Karl Foster, managing director at Wolf Systems in Coventry said they haven’t seen any real impact in the business caused by the HGV driver shortage despite the newspaper headlines. He commented: “We continue to receive all of the raw materials we need to produce nail plates and easi-joist webs in our factories and these goods are still being dispatched as normal to our customers.

“It’s really just over the last few weeks we’ve seen things become more challenging with the short notice closures of some transport hubs as they struggle to deal with a backlog of deliveries onto their end destination.

“We’re working hard with our haulage partners across the UK and Ireland to minimise any impact for our customers. But it’s possible, there may be some disruption, particularly with express or lastminute orders.

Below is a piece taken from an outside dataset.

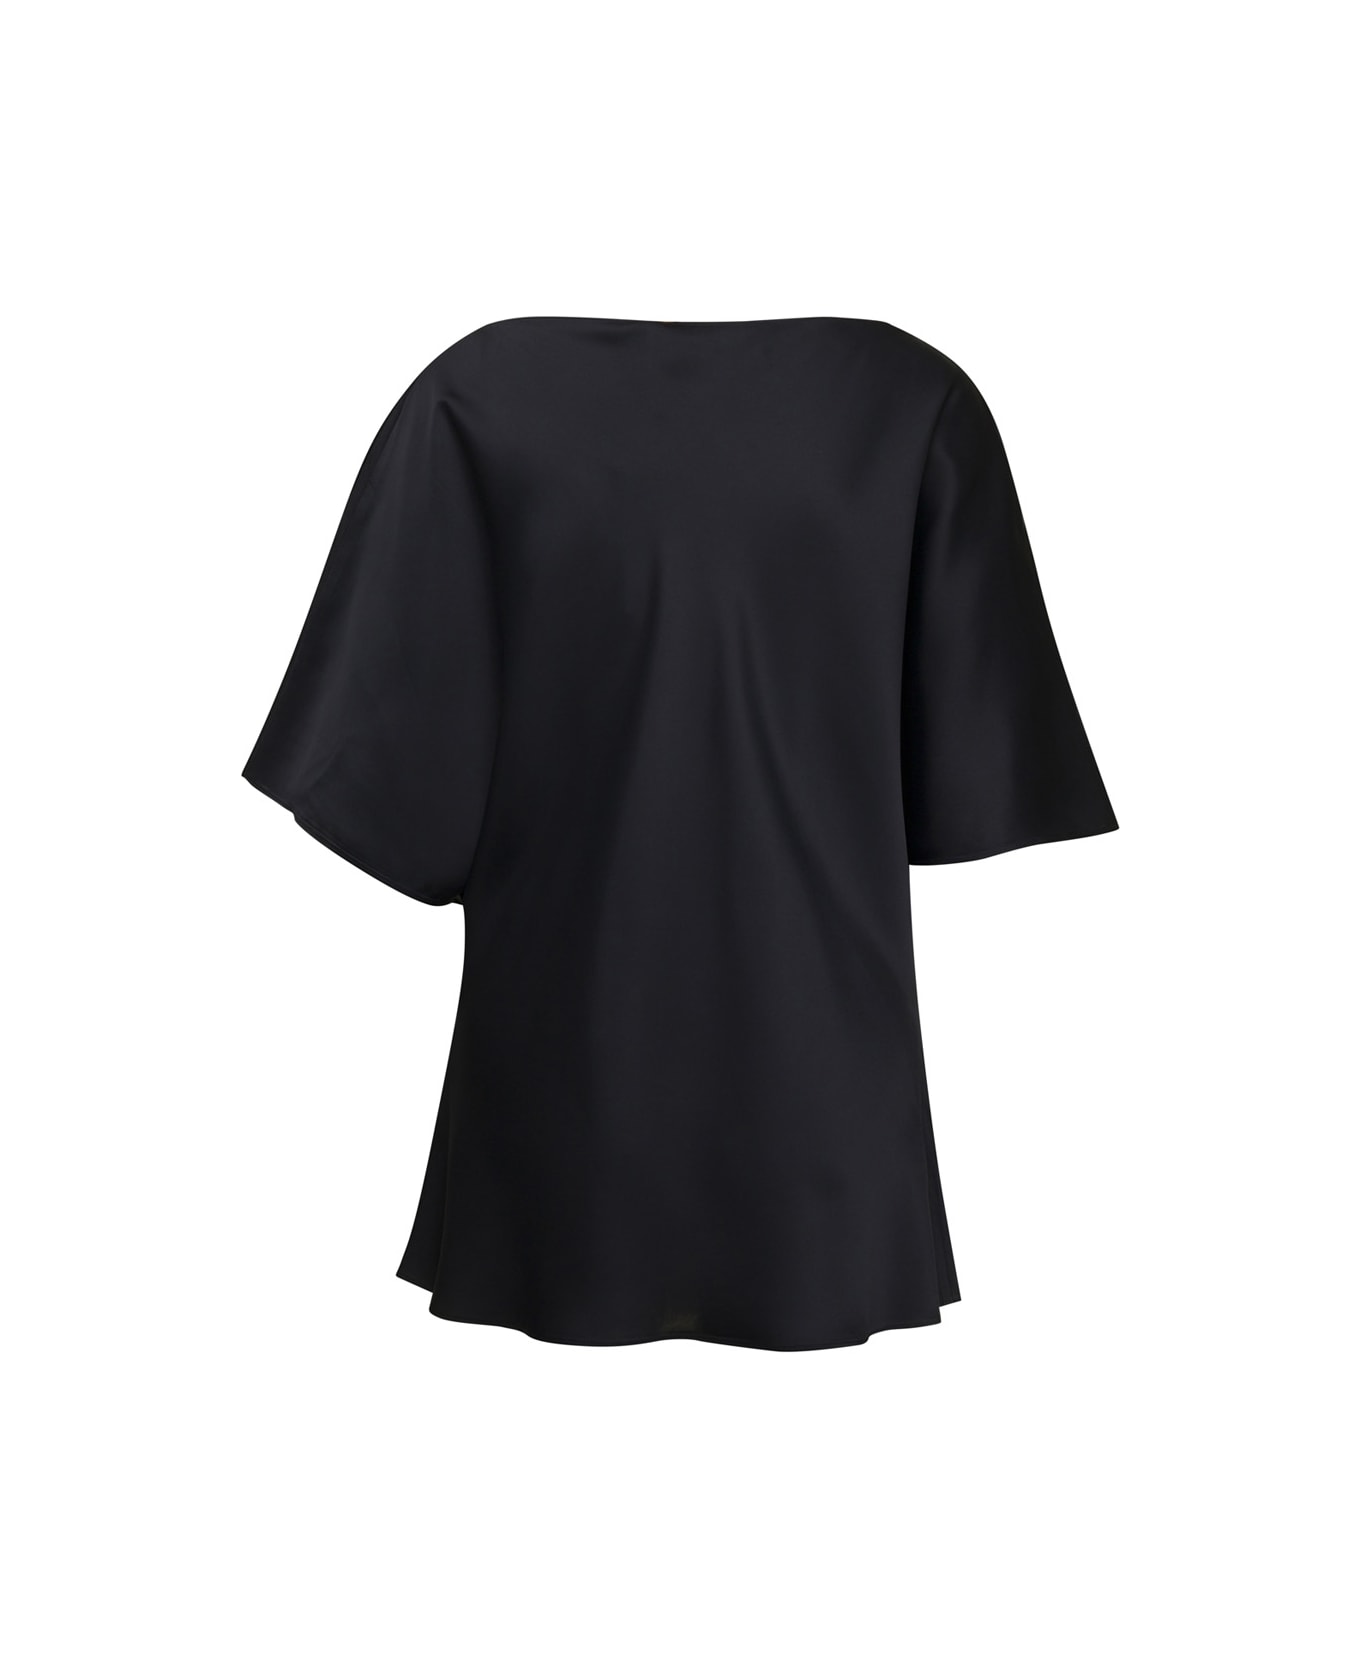 Róhe Black Shirt With Boat Neckline In Viscose Woman - Black

“I can’t see many of our customers panic buying nail plates, but I do think many of them are planning further ahead and ordering in advance of when they would do normally.  In the current climate this seems to be a sensible option.”

Johnny Fellingham, director at Scotland-based manufacturer Structural Timber Frame reported problems with planning. He said: “Scheduling has become more and more difficult with customers delaying deliveries due to lack of labour on sites and shortages of materials. Concrete has been on allocation and extended lead times meaning contractors are unable to get the foundations in as previously planned. The knock-on effect means delays to programming along the supply chain.

“Timber supplies have been consistent over the last 12 months however the price has been volatile and factory labour availability has been the over-arching problem. Finding quality people for semi-skilled work in our factory is still a big challenge. We have an ongoing need for a number of staff and it’s proving very difficult to find the right people.”

TRA chief executive Nick Boulton feels the industry should look towards improving conditions for drivers, he said: “Lorry drivers are critical to our businesses and improving the facilities available to HGV drivers will help encourage more people to consider lorry driving as a career. The government’s recent announcement allowing work permits for foreign drivers until Christmas is only a short-term solution and we need a plan for the long-term availability of drivers to support a smooth supply chain.”